IPv6 Firewall is not blocking

netbus · September 19, 2017, 2:56pm

I am confused why my IPv6 Firewall Setup is accepting connections to the router itself.
I only configured on the internal interface an IPv6 Address to advertise it to lan.
The log shows that Policy ID 3 is allowing it. What is here wrong?
Flags: X - disabled, I - invalid, D - dynamic, G - global, L - link-local

ADDRESS FROM-POOL INTERFACE ADVERTISE

0 DL fe80::66d1:54ff:fe62:ea12/64 eth1-A1 no
1 DL fe80::66d1:54ff:fe62:ea14/64 vlan2 no
2 DL fe80::66d1:54ff:fe62:ea14/64 eth3-m-EG no
3 DL fe80::66d1:54ff:fe62:ea13/64 eth2-TMA no
4 DL fe80::c/64 pppoe-TMA no
5 G 2001:beef:200:f00::1/64 TMA eth3-m-EG

Flags: X - disabled, I - invalid, D - dynamic
0 ;;; defconf: accept established,related,untracked
chain=forward action=accept connection-state=established,related log=no log-prefix=“”

1 ;;; defconf: drop invalid
chain=forward action=drop connection-state=invalid

2 ;;; LAN>WAN
chain=forward action=accept in-interface=eth3-m-EG log=no log-prefix=“”

3 ;;; defconf: accept established,related,untracked
chain=input action=accept connection-state=established,related log=no log-prefix=“”

4 ;;; defconf: drop invalid
chain=input action=drop connection-state=invalid

5 ;;; LAN Input
chain=input action=accept in-interface=eth3-m-EG log=no log-prefix=“”

6 X ;;; defconf: accept ICMPv6
chain=input action=accept protocol=icmpv6 log=no log-prefix=“”

7 ;;; defconf: accept UDP traceroute
chain=input action=accept protocol=udp port=33434-33534

8 ;;; defconf: accept DHCPv6-Client prefix delegation.
chain=input action=accept protocol=udp src-address=fe80::/16 dst-port=546

9 ;;; defconf: drop packets with bad src ipv6
chain=forward action=drop src-address-list=bad_ipv6

10 ;;; defconf: drop packets with bad dst ipv6
chain=forward action=drop dst-address-list=bad_ipv6

11 ;;; defconf: rfc4890 drop hop-limit=1
chain=forward action=drop protocol=icmpv6 hop-limit=equal:1

12 ;;; defconf: accept ICMPv6
chain=forward action=accept protocol=icmpv6

13 ;;; defconf: accept HIP
chain=forward action=accept protocol=139

14 ;;; Drop all packets which are not destined to routes IP address
chain=input action=drop dst-address-type=!local in-interface=pppoe-TMA log=no log-prefix=“”

15 ;;; drop everything
chain=forward action=drop in-interface=pppoe-TMA log=no log-prefix=""Can somebody explain?

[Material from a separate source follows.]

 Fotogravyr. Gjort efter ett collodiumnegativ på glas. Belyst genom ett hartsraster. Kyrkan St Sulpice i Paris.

ZeroByte · September 19, 2017, 4:29pm

Rule 3 allows any packet which is part of an established or related packet flow according to connection tracking.
The first packet of connection attempts won’t match this rule, so you may need to dig a little deeper.

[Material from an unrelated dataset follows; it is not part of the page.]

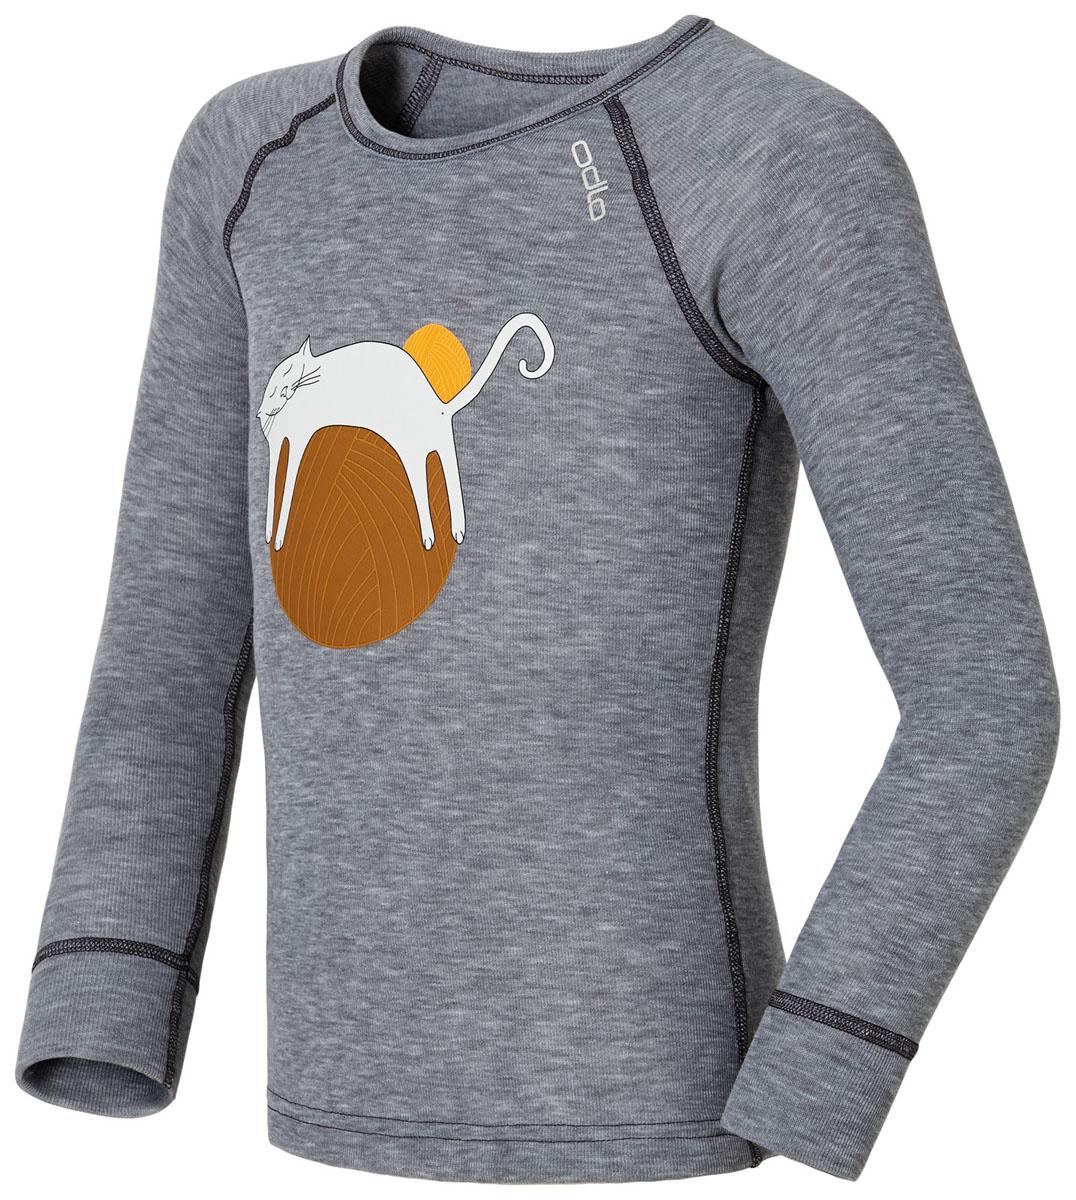 Термобелье футболка150479_15700Зима - это весело, если правильно одеться! В футболке с длинным рукавом Odlo Trend Kids Warm вашему ребенку будет тепло и комфортно. Изготовленная из 100% полиэстера, она испаряет влагу, оставляя кожу сухой, даже если ребенок потеет, делая упражнения или играя на свежем воздухе. Лицевая сторона гладкая, а изнаночная - с мягким теплым начесом. Футболка с длинными рукавами-реглан и круглым вырезом горловины спереди оформлена термоаппликацией с изображением забавного котенка. Рукава дополнены широкими эластичными манжетами. Спинка незначительно удлинена. Чем бы ни занимался ваш ребенок - катался на лыжах, лепил снеговика или играл в снежки, такая футболка - незаменимая вещь в любой зимний день! Рекомендуемый температурный режим - от -10°С до +15°С.

What sort of connections are you seeing which are being accepted but shouldn’t?
e.g. Winbox, ssh, http, etc…

If you want to find out which rule is accepting the first packet, you can make a temporary rule like this:
(assuming that your connection attempts are http requests coming from 2001:db8::1234 - change this to the real IPv6 address / protocol / port you’re testing from / to)
/ipv6 firewall filter
add chain=input action=passthrough src-address=2001:db8::1234 protocol=tcp dst-port=80

Then move this rule to the top of the input chain and watch the packets matched counter on the rule as you make your connection tests.
Move the rule further down the chain and test again. Whenever you stop seeing packets counted by the rule, you know that this rule is now after whatever rule is actually accepting the traffic.

netbus · September 19, 2017, 6:39pm

Thanks for this tip.
I moved this policy below the implicit deny rule but still a match.

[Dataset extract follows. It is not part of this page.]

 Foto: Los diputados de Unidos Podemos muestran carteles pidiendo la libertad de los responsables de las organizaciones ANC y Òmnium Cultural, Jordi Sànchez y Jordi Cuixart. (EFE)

Flags: X - disabled, I - invalid, D - dynamic

CHAIN ACTION BYTES PACKETS

15 ;;; drop everything
forward drop 10 607 85
16 input passthrough 240 3[/codebox]

netbus · September 19, 2017, 6:53pm

update
I deleted the last policy (implicit deny) and created again.
Now portscanners and unwanted traffic is blocked

ZeroByte · September 19, 2017, 7:36pm

There was probably some criteria in the old “default drop” rule which caused it not to match (like mentioning an in-interface or an address prefix or a connection state, etc)

One thing I did notice is this:

This rule will never match anything because the input chain already implies that the destination address is one of the router’s own addresses (because the input chain applies to traffic TO the router’s control plane itself).

In general a default drop rule should have no match criteria and an action=drop
Any traffic which you want to accept needs to be handled explicitly in some previous rule.